Scuola, sindacato CUB: servono più docenti e classi meno affollate

( Riceviamo e pubblichiamo): « Servono subito più docenti e classi meno affollate ». E’ questa la richiesta del sindacato CUB Scuola di Trapani per evitare la diffusione nelle aule di contagi da virus Sars-Cov-2. « Aver fatto credere che il green pass nella scuola avesse potuto risolvere i problemi di sicurezza, è stato un inganno del governo nei confronti dei cittadini e dei genitori. In Italia, infatti, nonostante l’obbligo del green pass, sono alcune centinaia le classi e diverse migliaia gli alunni che sono già in DAD ». Tanto denuncia la segreteria del sindacato CUB Scuola della provincia di Trapani.

« Ciò perché – come è ormai scientificamente ammesso – anche il personale scolastico vaccinato contro questo maledetto virus può contagiarsi e contagiare e quindi la loro è una protezione tanto più inconsistente quanto più si allontana la data dell’inoculazione del farmaco anti-Covid », spiega il sindacato.
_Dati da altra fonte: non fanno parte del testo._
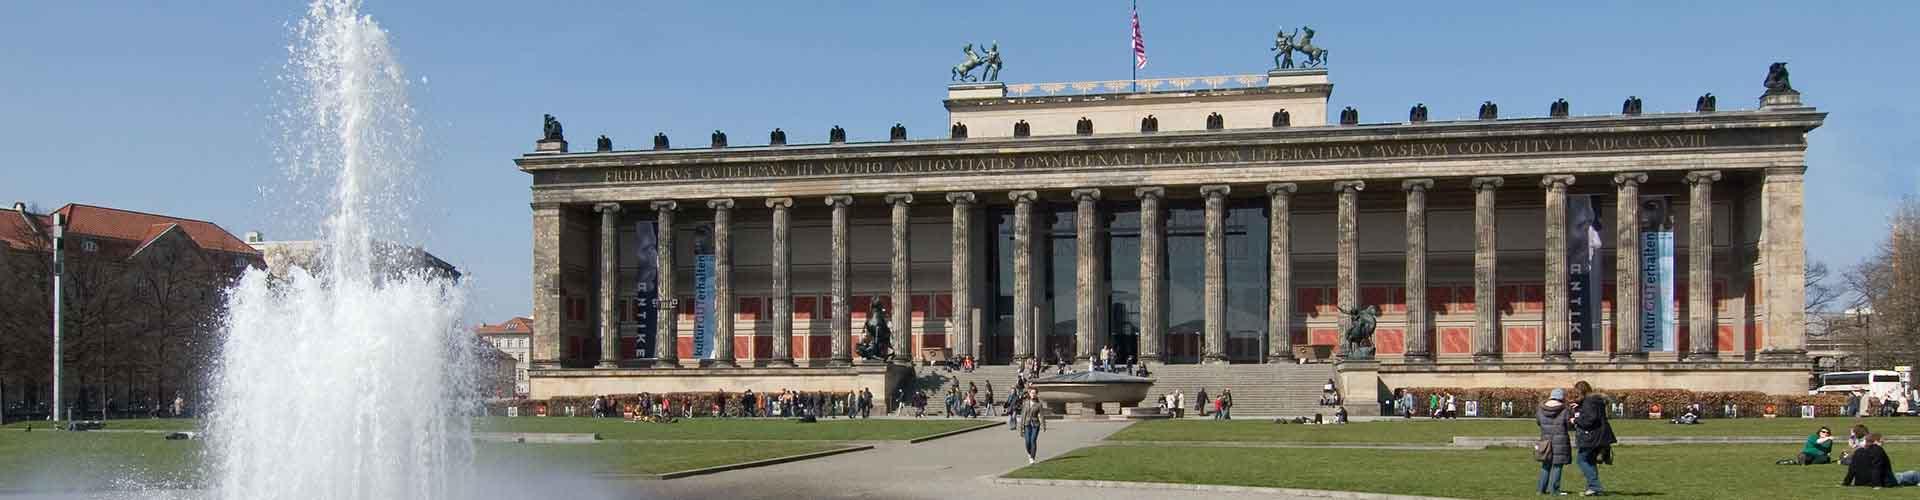 베를린 - 베를린 구 박물관과 페르가몬 박물관와 가까운 호스텔. 베를린의 지도, 베를린에 위치한 호스텔 사진 및 후기 정보.

Se fosse vero, inoltre – come dichiarato dal capo del governo italiano Mario Draghi ad inizio settembre -, che « la scuola in presenza è sempre stata la priorità di questo governo », il Consiglio dei Ministri si sarebbe dovuto impegnare per assumere altro personale scolastico consentendo la formazione di classi meno affollate.
« E’ il distanziamento, infatti, assieme all’areazione dei locali e all’igiene, a rappresentare al momento l’unica vera sicura prevenzione rispetto al contagio! », prosegue il rappresentante del CUB Scuola. « Invece – denuncia il sindacato autonomo – il ministro dell’istruzione, l’economista Patrizio Bianchi, come i suoi predecessori dei governi Conte, non ha mai modificato le norme esistenti¹, e vecchie 13 anni, che consentono di ammassare fino a 30 alunni in una classe »!
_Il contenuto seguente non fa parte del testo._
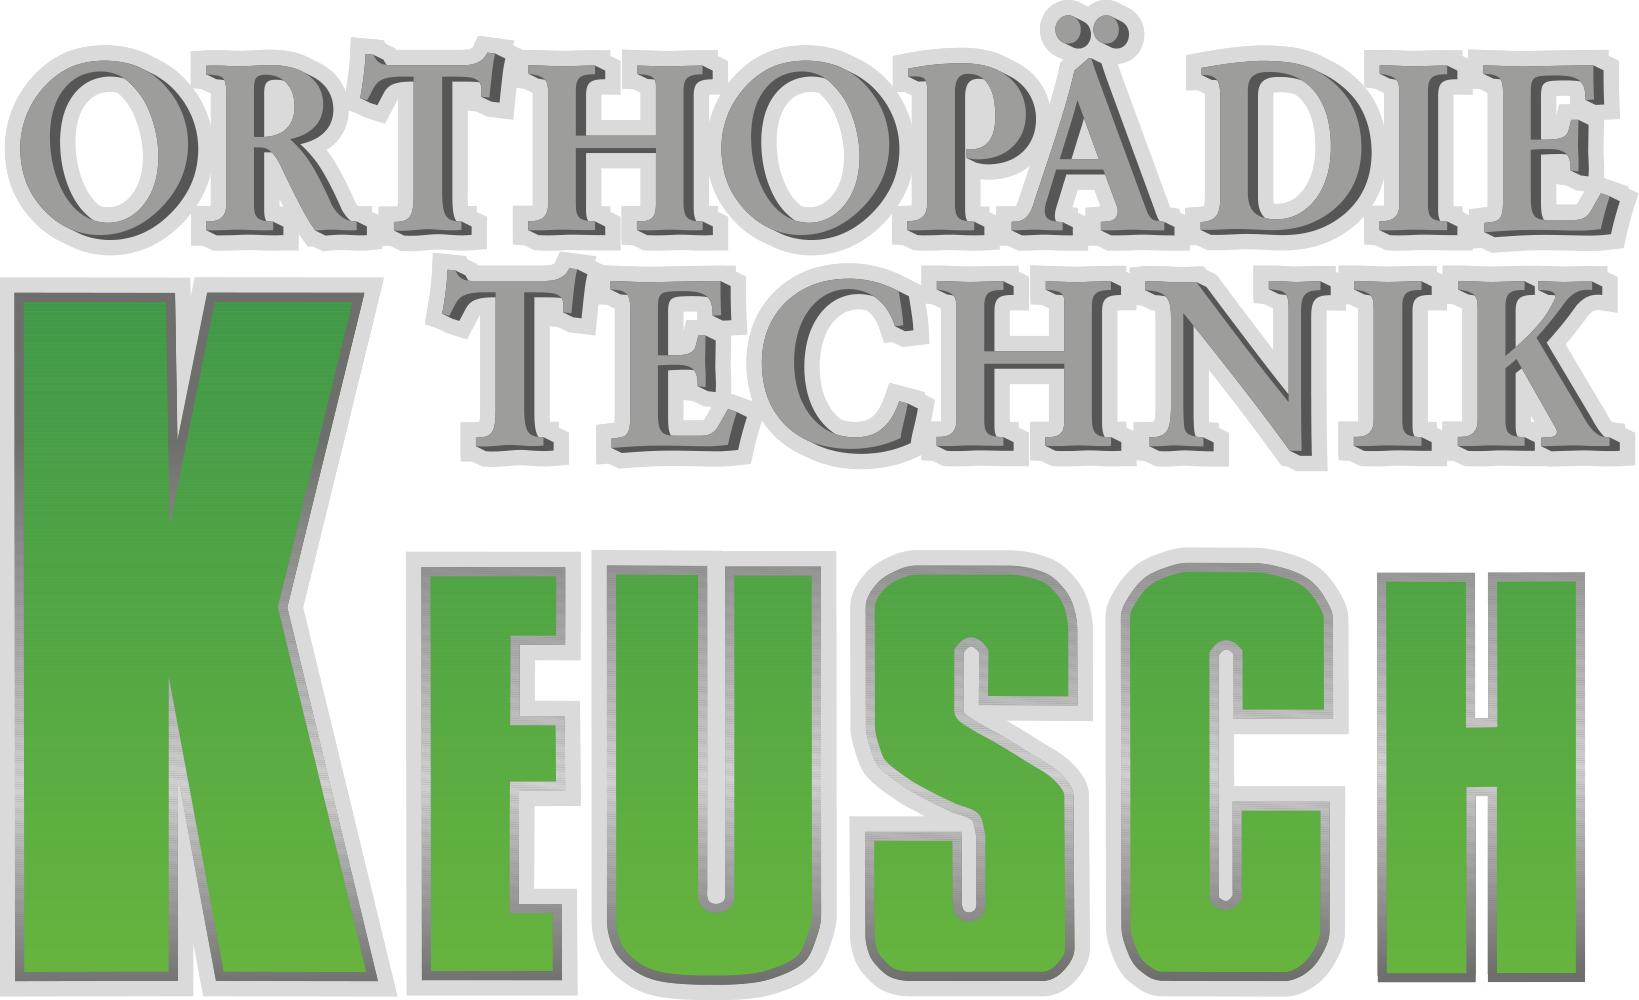 Orthopädie Technik Sanitätshaus Keusch e. K.

« L’aver imposto il tampone a pagamento ogni 48 ore quella parte del personale scolastico che non ha chiesto il trattamento sanitario della vaccinazione, peraltro facoltativa e volontaria, in sostanza, si è rivelato un flop! Una maniera, per il governo, di indicare un nemico ( il prof “no vax” ) sulle cui spalle scaricare le invece proprie responsabilità e incapacità. Un “nemico”, i docenti, che però è lo stesso che, lo scorso anno, con grande spirito di adattamento e sacrificio personale e familiare, han pur sempre garantito un servizio agli studenti e alle loro famiglie », afferma ancora il CUB Scuola.

« E’ giunto il momento – conclude il sindacato autonomo – che i Dirigenti Scolastici e gli USR, smettendo l’abito di “passacarte” edisemplici burocrati loro cucito addosso dal ministero, denuncino anch’essi l’impossibilità di garantire il diritto allo studio e la sicurezza con classi affollate da 20-30 alunni ».